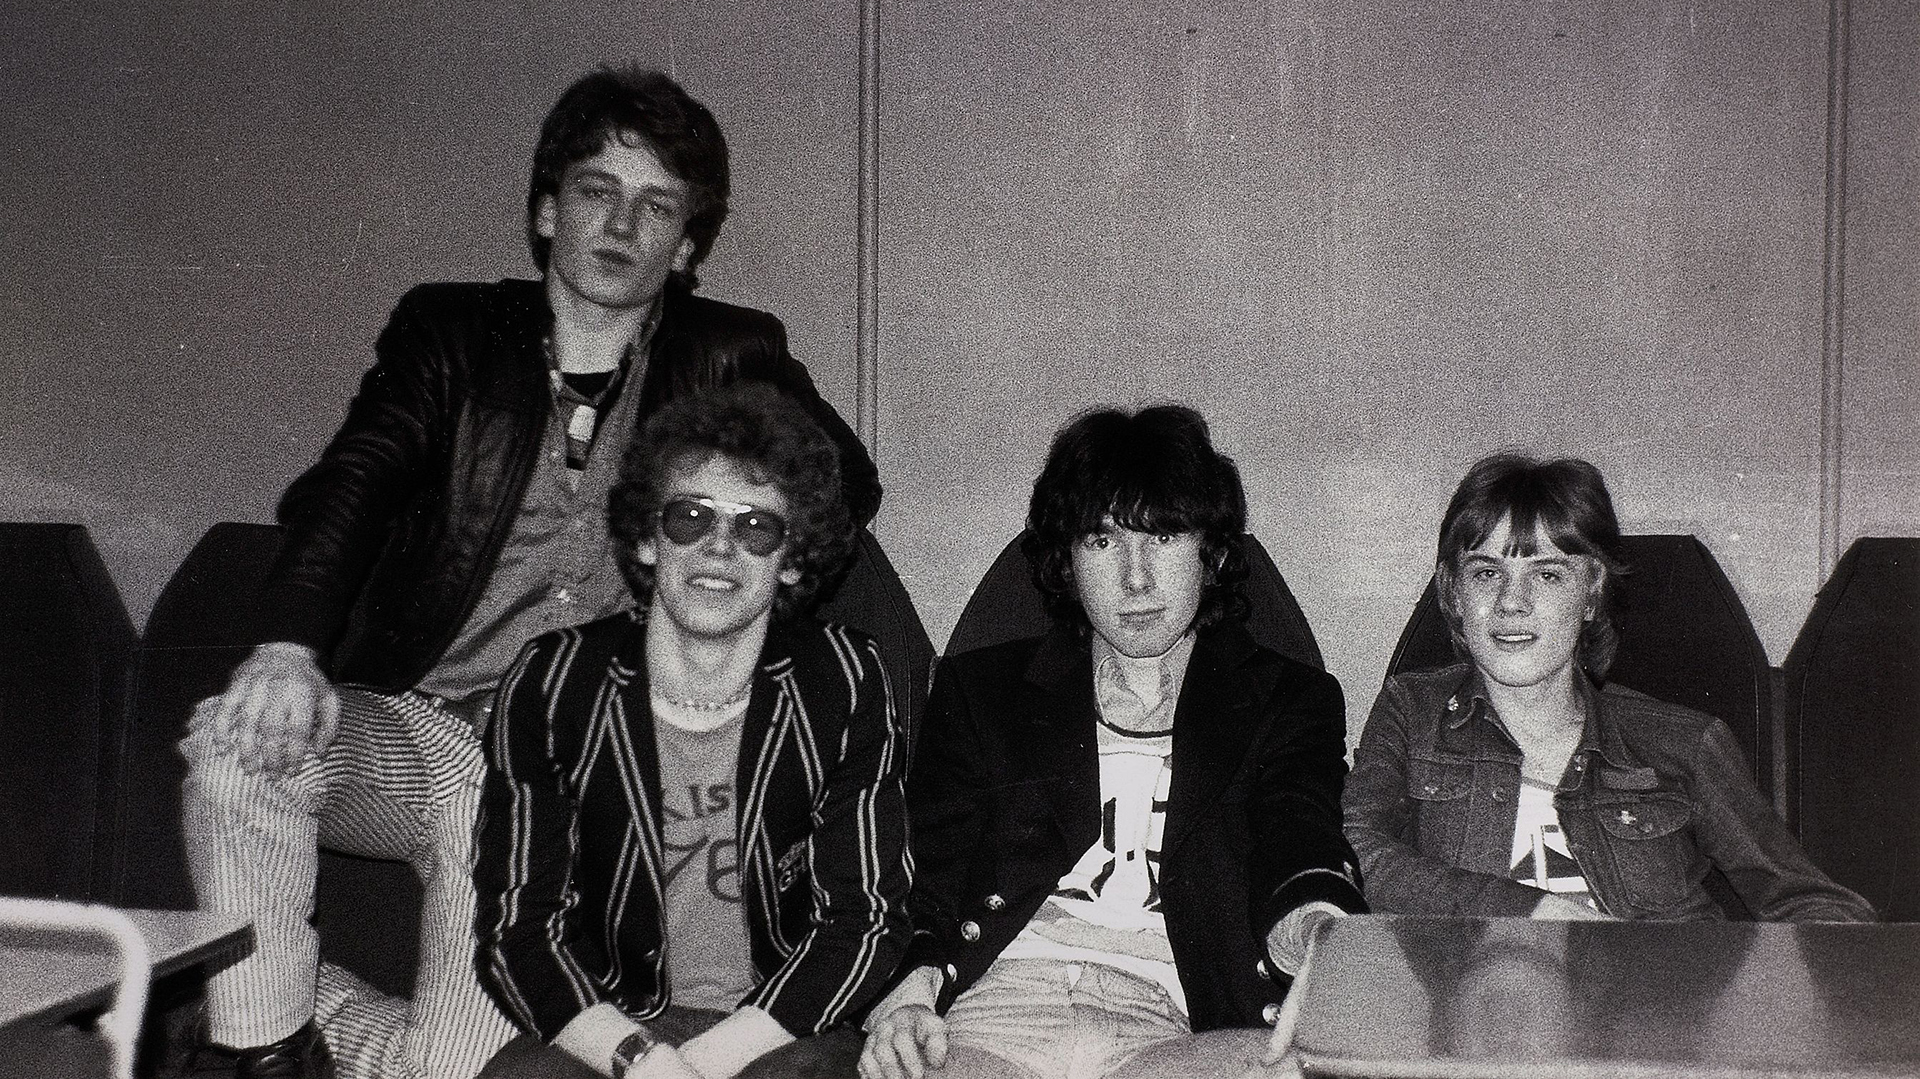 U2 en 1978, cuando todavía no habían publicado siquiera su primer disco, "Boy"
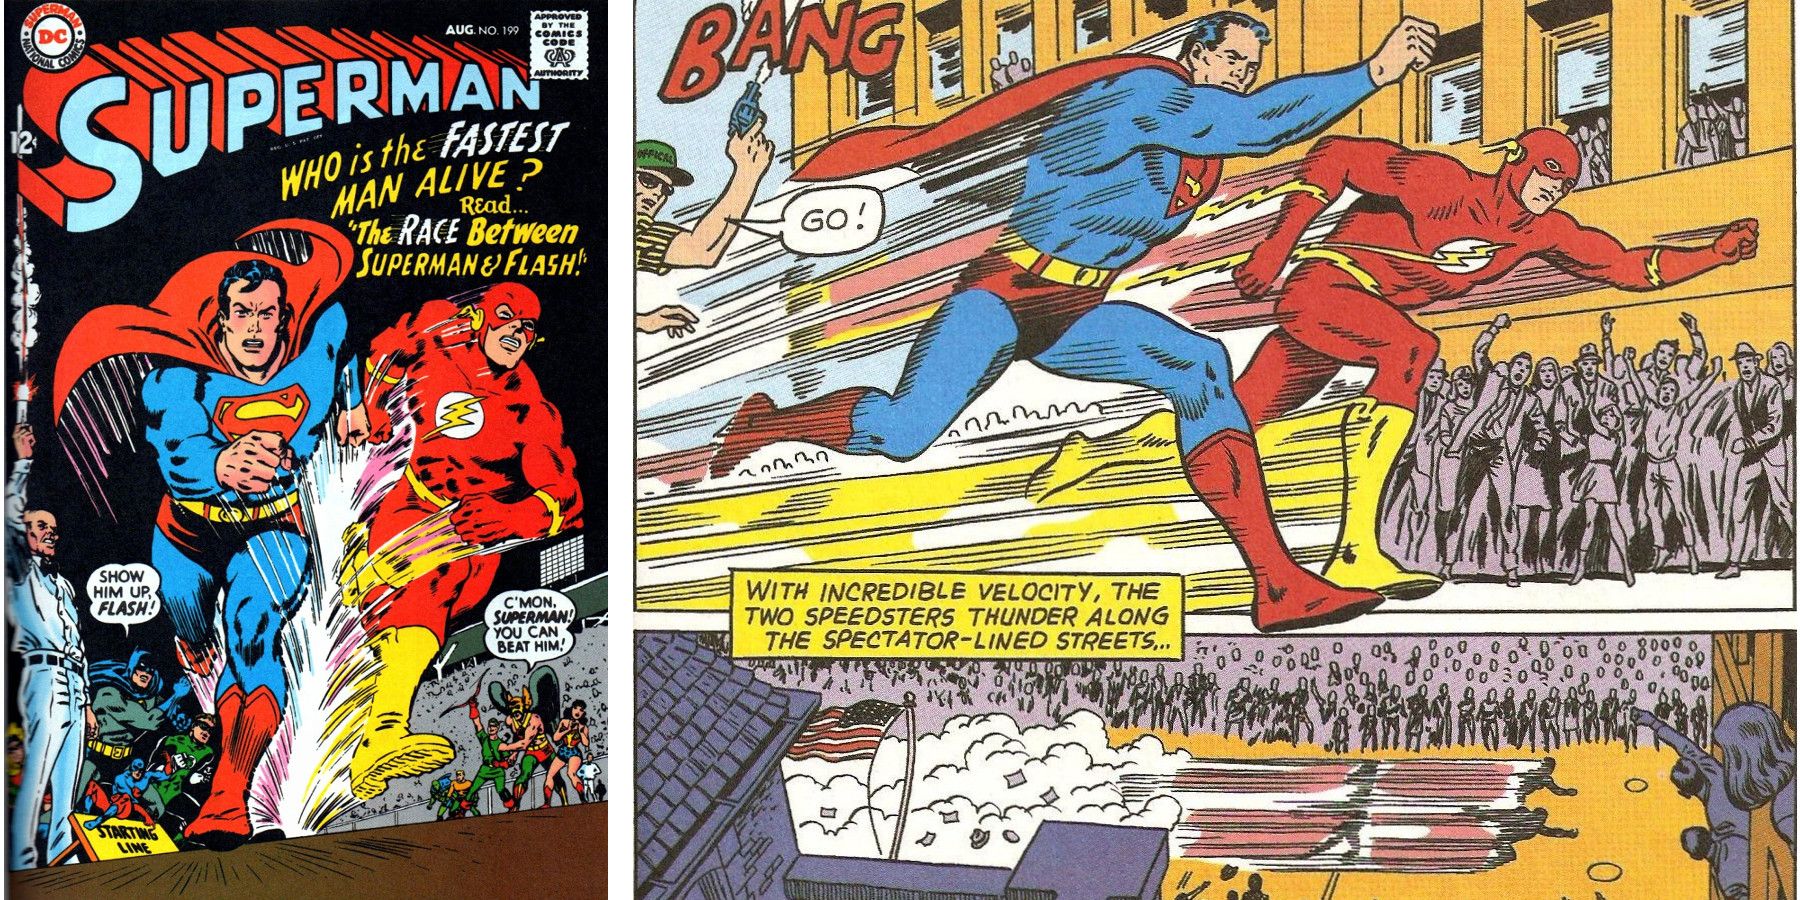 Superman vs The Flash
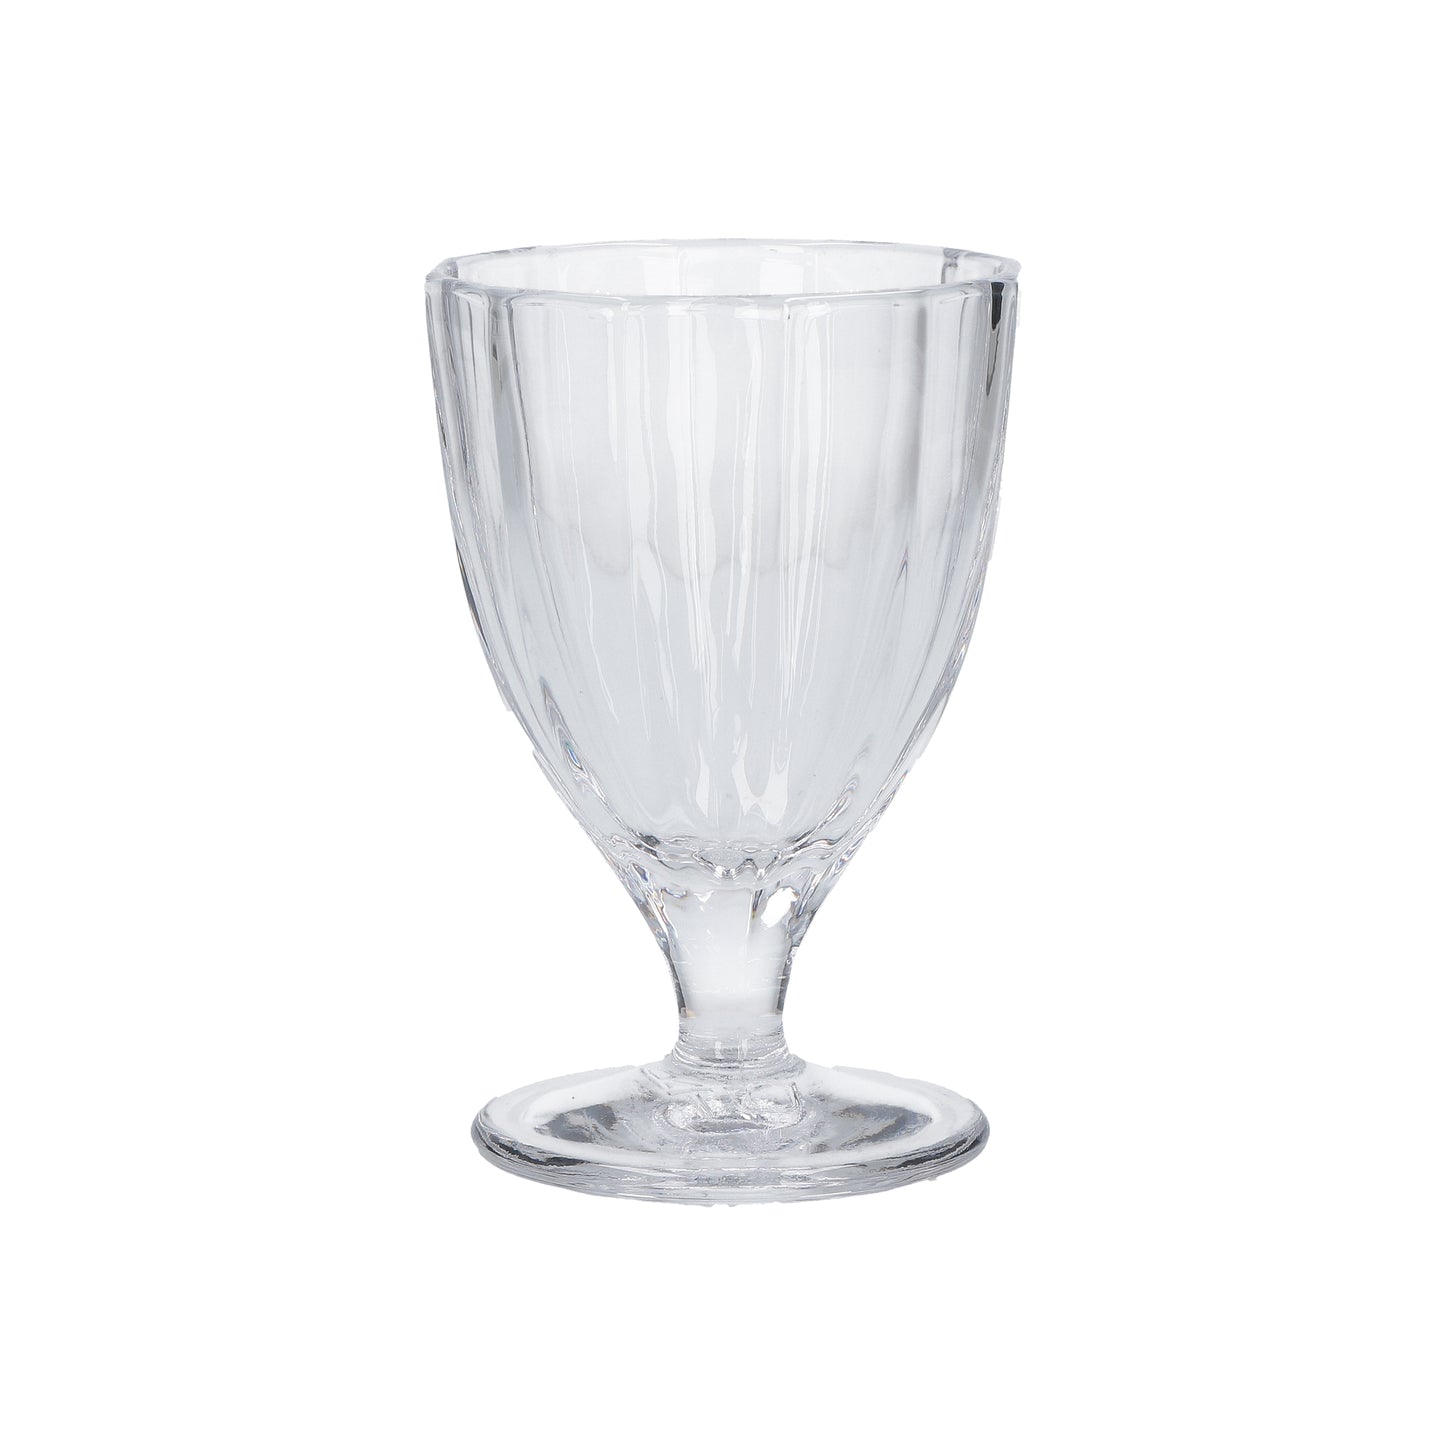 Confezione 6 calici in vetro trasparente cc 300 - Ø 8,5 - h 13 cm. Lavabili in lavastoviglie
****
* [Activity]: Please write out all of the data verbatim, with no pictures in the copy.

* [Result of the exercise]:
 U2 en 1978, cuando todavía no habían publicado siquiera su primer disco, "Boy"
 Superman vs The Flash
 Confezione 6 calici in vetro trasparente cc 300 - Ø 8,5 - h 13 cm. Lavabili in lavastoviglie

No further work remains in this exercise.